Berdasarkan latar belakang yang sudah dijelaskan maka rumusan masalah dalam penelitian ini adalah :

1. Bagaimanakah kontribusi masyarakat dalam menanamkan nilai-nilai multikulturalisme pada remaja etnik Tionghoa dan etnik Jawa di Kampung Pecinan Kota Tegal?

2. Bagaimanakah interaksi sosial-budaya antara remaja etnik Tionghoa dan etnik Jawa di Kampung Pecinan Kota Tegal ?

3. Bagaimanakah makna yang muncul dalam interaksi sosial-budaya antara remaja etnik Tionghoa dengan etnik Jawa di Kampung Pecinan Kota Tegal?


(5)

1.4 Tujuan Penelitian

Berdasarkan rumusan permasalahan, maka tujuan penelitian yang ingin dicapai adalah :

1. Menganalisis tentang kontribusi masyarakat dalam menanamkan nilai-nilai multikulturalisme pada remaja etnik Tionghoa dan Jawa di Kampung Pecinan Kota Tegal.

2. Menganalisis interaksi sosial-budaya antar remaja etnik Tionghoa dan etnik Jawa di Kampung Pecinan Kota Tegal.

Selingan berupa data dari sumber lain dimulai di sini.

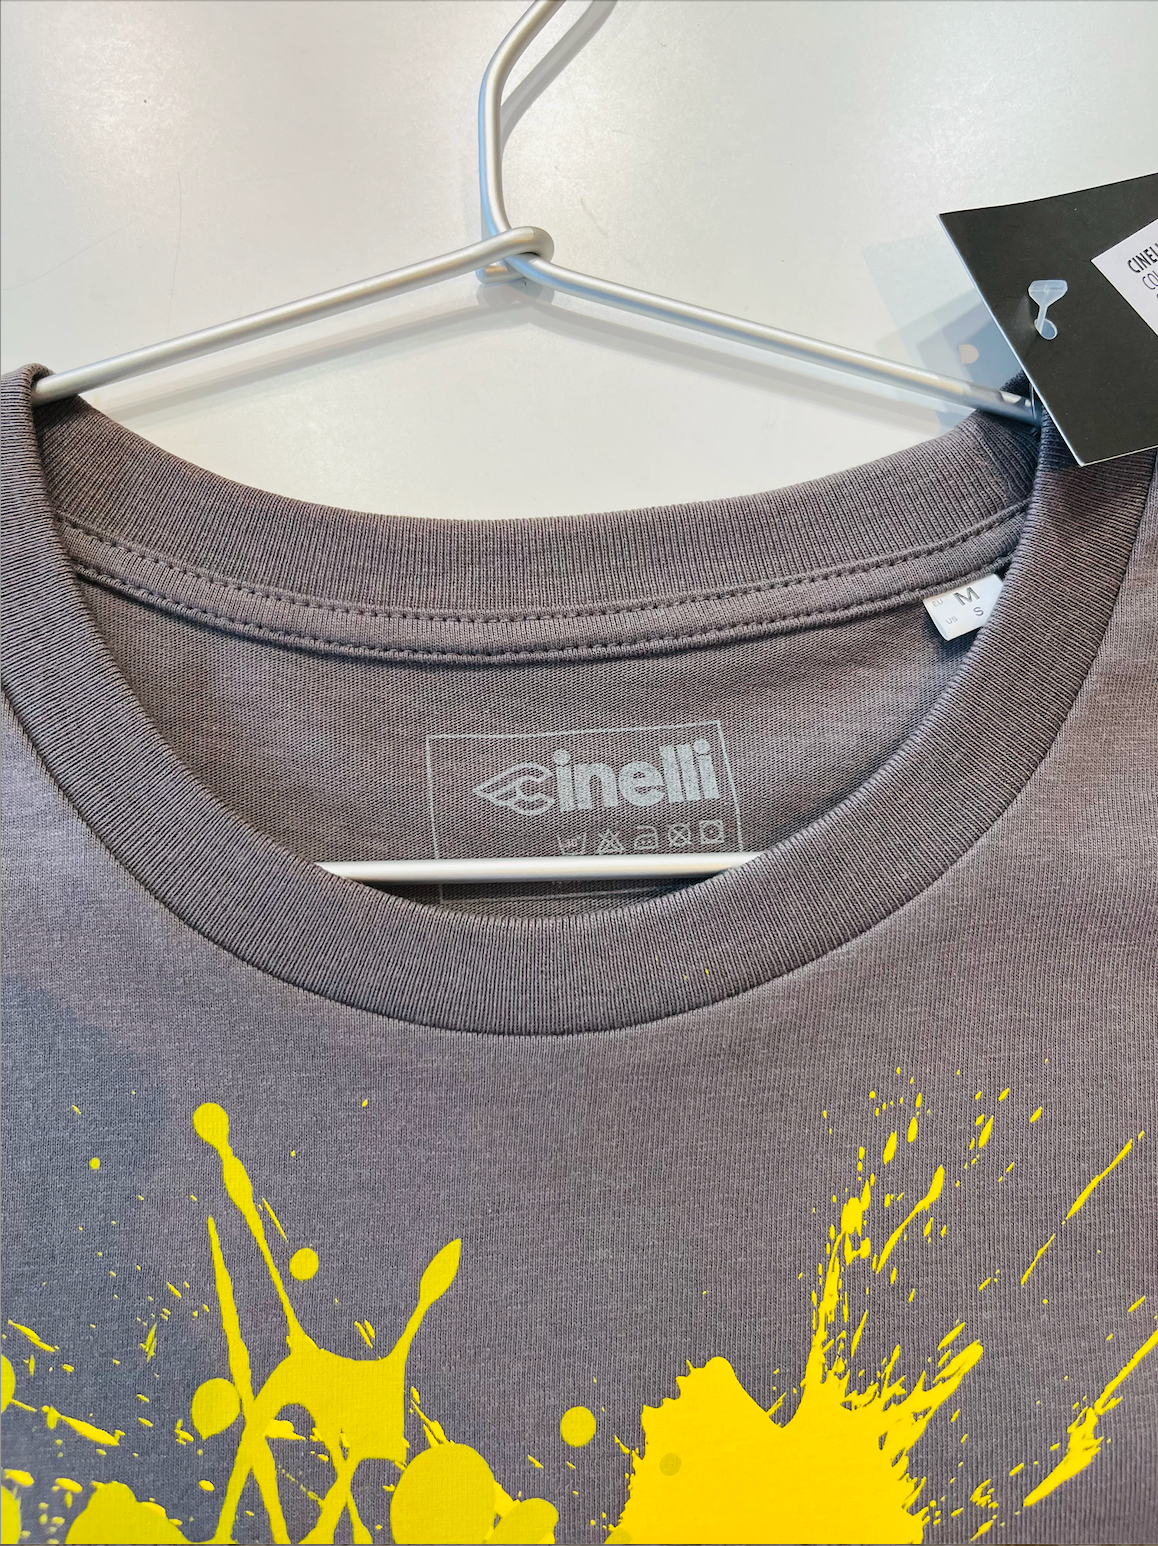 Cinelli/チネリ】SPLASH Tシャツ チャコール【新品】 メルカリShops
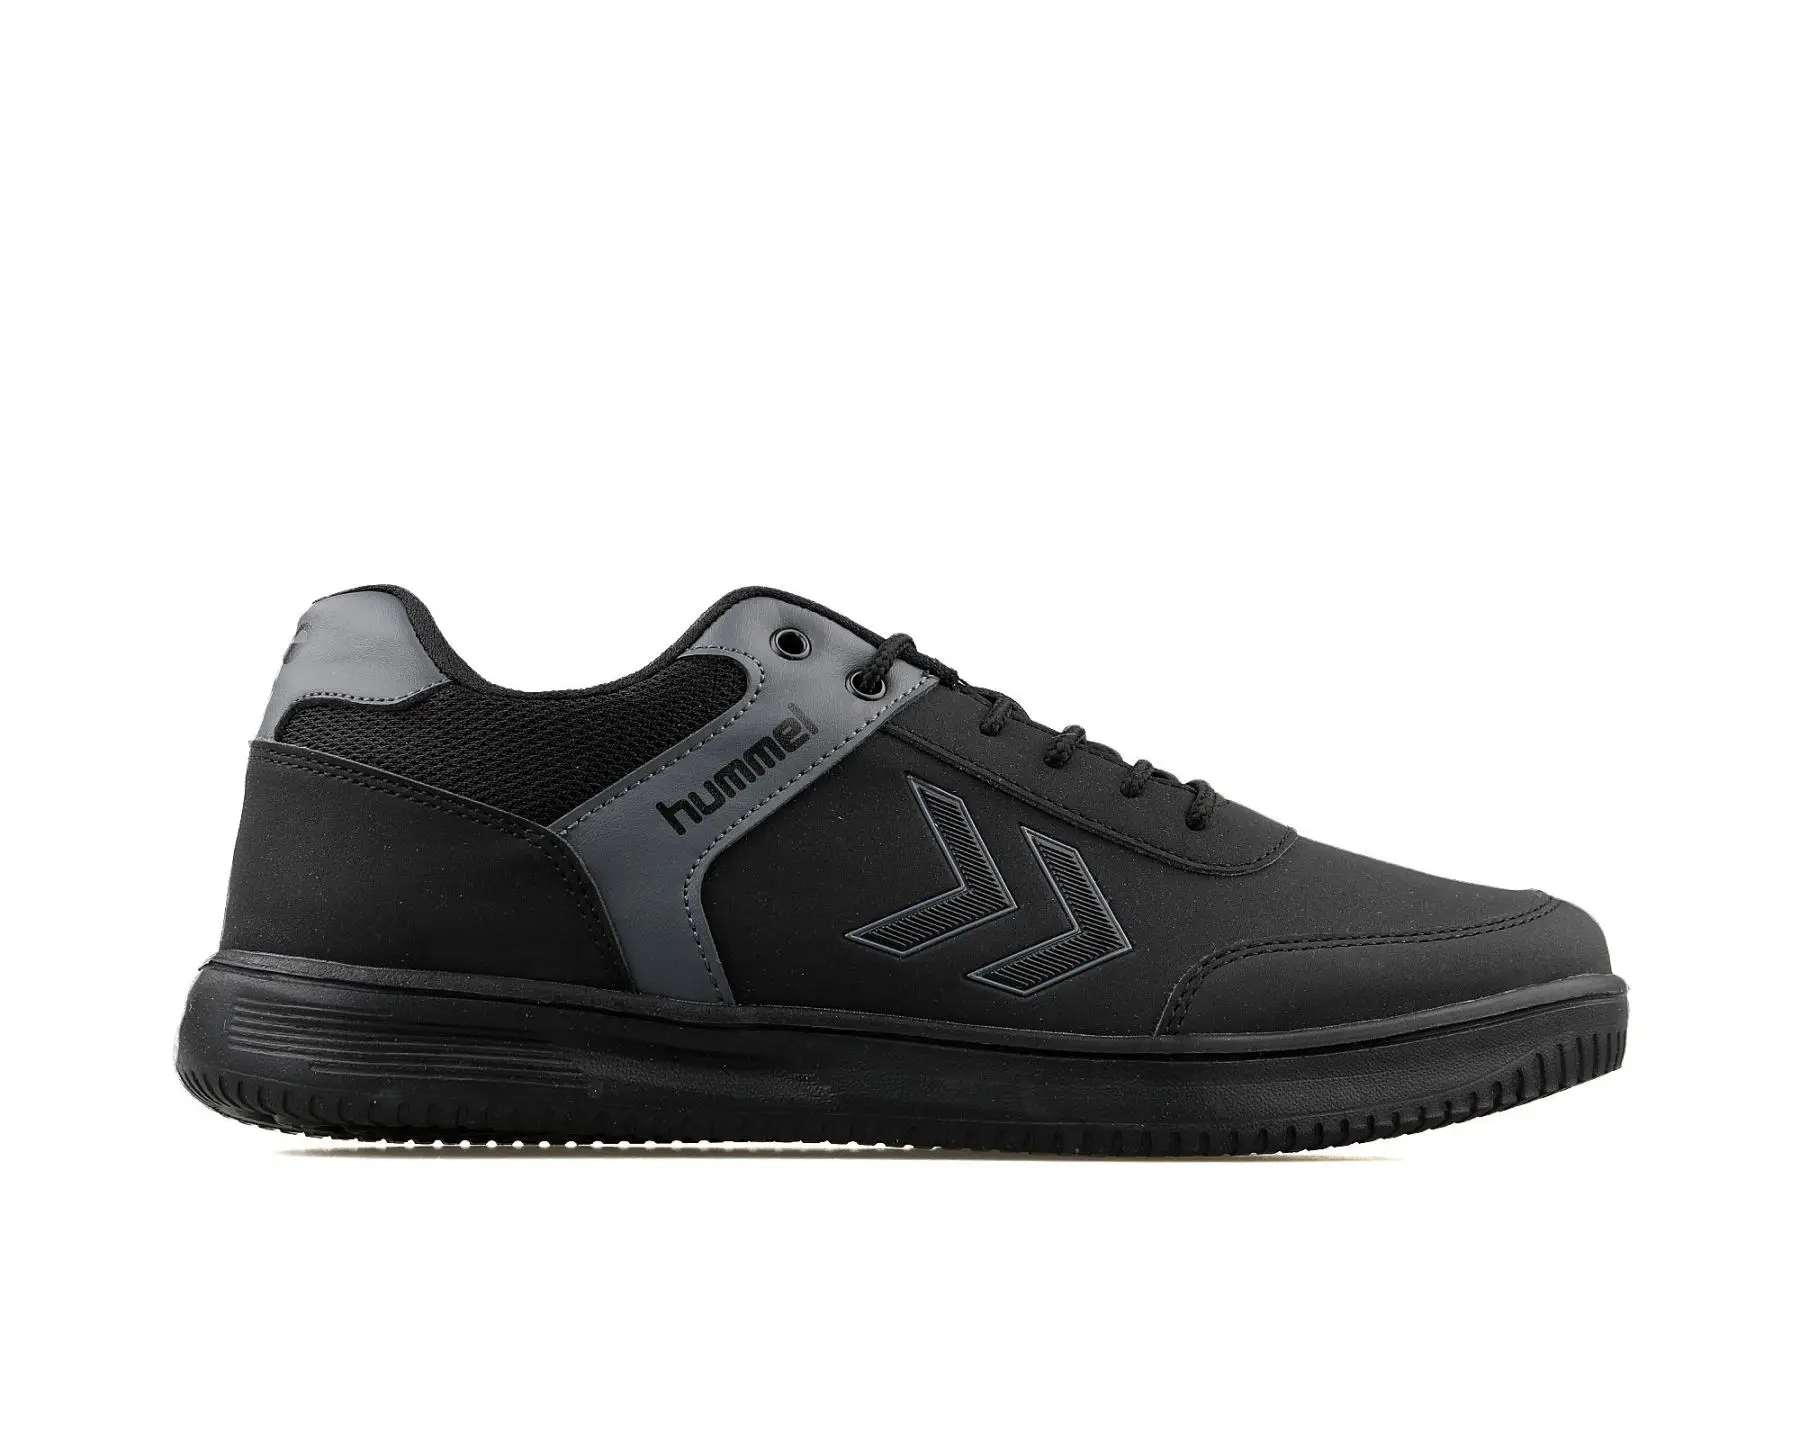 Hummel Original men's Sneakers Casual Sneakers Black Color Casual Running Casual Walking Shoes Hml Access

3. Menganalisis makna yang muncul dalam interaksi sosial-budaya antar remaja etnik Tionghoa dengan etnik Jawa di Kampung Pecinan Kota Tegal.

1.5 Manfaat Penelitian

Hasil penelitian ini diharapkan dapat berguna baik secara teoritis maupun praktis yaitu sebagai berikut:

1. Secara teoritis, manfaat yang ingin dicapai dalam penelitian ini adalah sebagai berikut:

a. Memberi sumbangan bagi dunia ilmu sosial pada umumnya dan teori interaksionisme simbolik Herbert Blumer pada khususnya, untuk mengkritisi, menyanggah atau memberi varian-varian baru pada teori-teori Interasionisme Simbolik.

b. Dapat dijadikan sebagai bahan acuan di bidang penelitian sejenis atau sebagai bahan pengembangan apabila akan dilakukan penelitian lanjutan.


(6)

2. Secara praktis, kegunaan yang ingin dicapai dalam penelitian ini adalah sebagai berikut:

a. Bagi remaja etnik Tionghoa dan etnik Jawa, penanaman nilai-nilai multikulturalisme memberikan pemahaman bahwa keberagaman etnik, budaya, agama atau ras merupakan suatu keniscayaan dan tidak perlu dipertentangkan. Sehingga bisa terjalin interaksi sosial-budaya dilandasi dengan rasa toleransi.

b. Bagi masyarakat di Kampung Pecinan Kota Tegal, memberikan informasi bahwa diperlukan kontribusi nyata dari masyarakat stempat untuk menanamkan dan mengembangkan nilai-nilai multikulturalisme dalam kehidupan sehari-hari. Sehingga terwujud kehidupan multikultural yang harmonis.

c. Bagi Pemerintah Kota Tegal, memberikan informasi pentingnya penanaman nilai-nilai multikulturalisme sebagai usaha pencegahan atau untuk meredam kemungkinan terjadinya konflik sosial antar etnik di Kota Tegal. Sehingga bisa dijadikan bahan pertimbangan bagi pemerintah dalam merumuskan suatu kebijakan.